Another way is to use the variance of the standardized contrasts to quantify phylogenetic signal. The smaller the variation, the more similar of colsely related species.

var(pic(trait.1, my.plyo))  # use the branch length
# again, we can reshuffle th tips n times to get the null distribtuion and
# to get the p-value.

These two methods are not used as commom as the K and lambda methods.

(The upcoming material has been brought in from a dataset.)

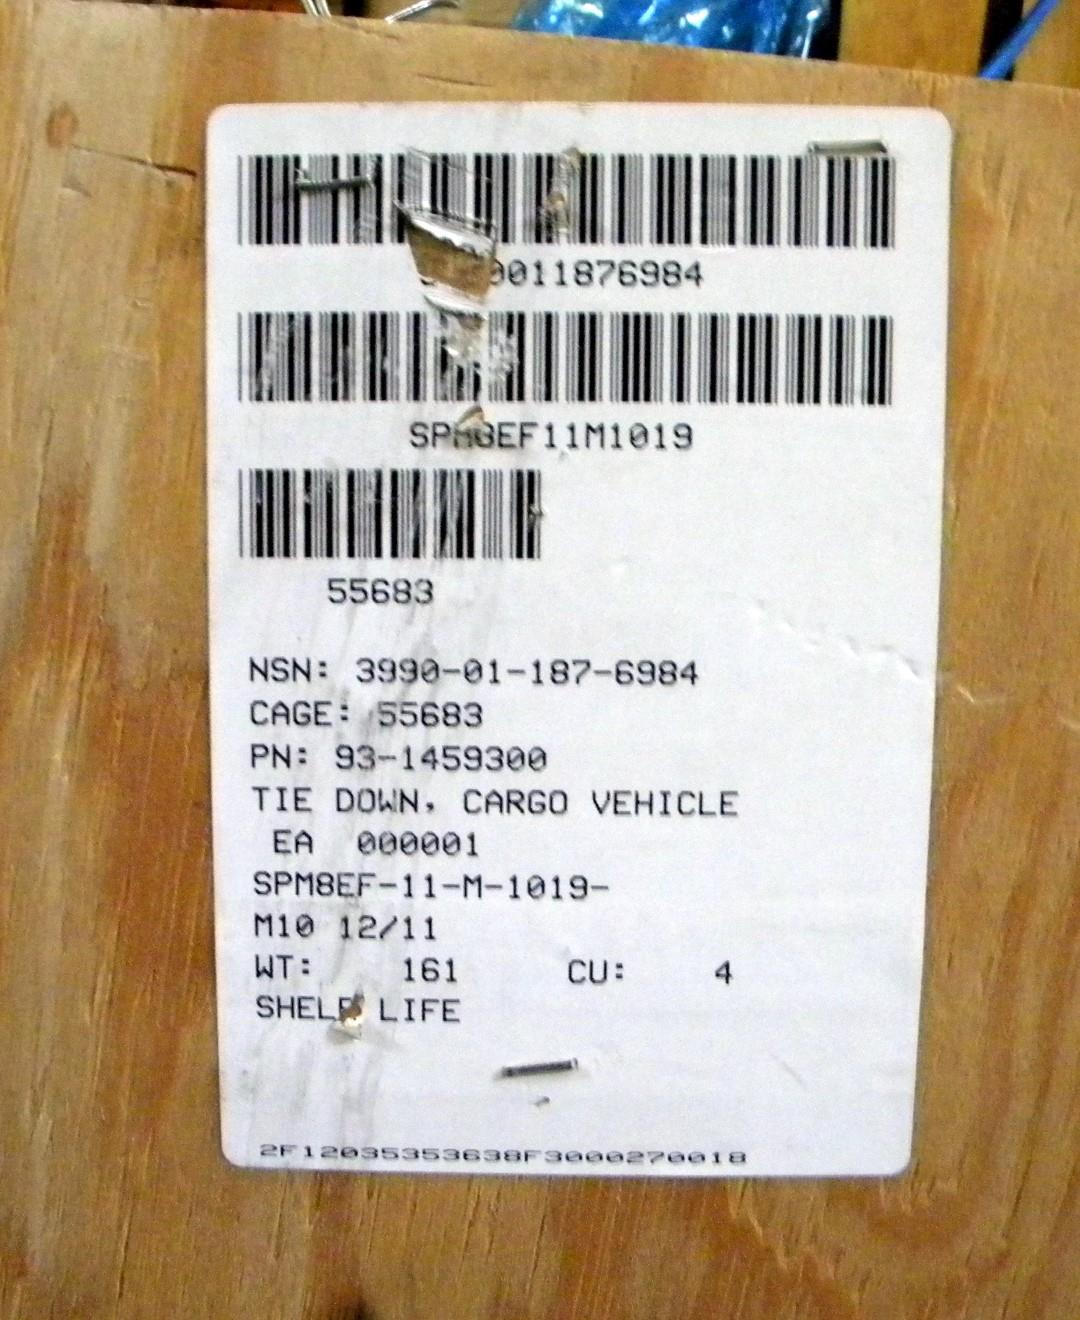 HEM-163 | 3990-01-187-6984 Vehicle Cargo Tie Down for LVS Power Unit MK48 and Trailer Family. NOS.  (2).JPG

Quantifying the timing and magnitude of trait divergences

The phylogenetic signal we detected above are phylogeny-wide. However, we are often interested node-level signal or antisignal and how this signal changes with the position of the node in the phylogeny, i.e. whether large/small divergences tend to be correlated with the depth in the phylogeny.

We can calculate the pic of each node, then using randomization to get the null distribution of each node then we can get the rank of the observed value for each node and plot the rank on the tree (nodelabels(ranking)).

Check dtt() function of geiger package for more details.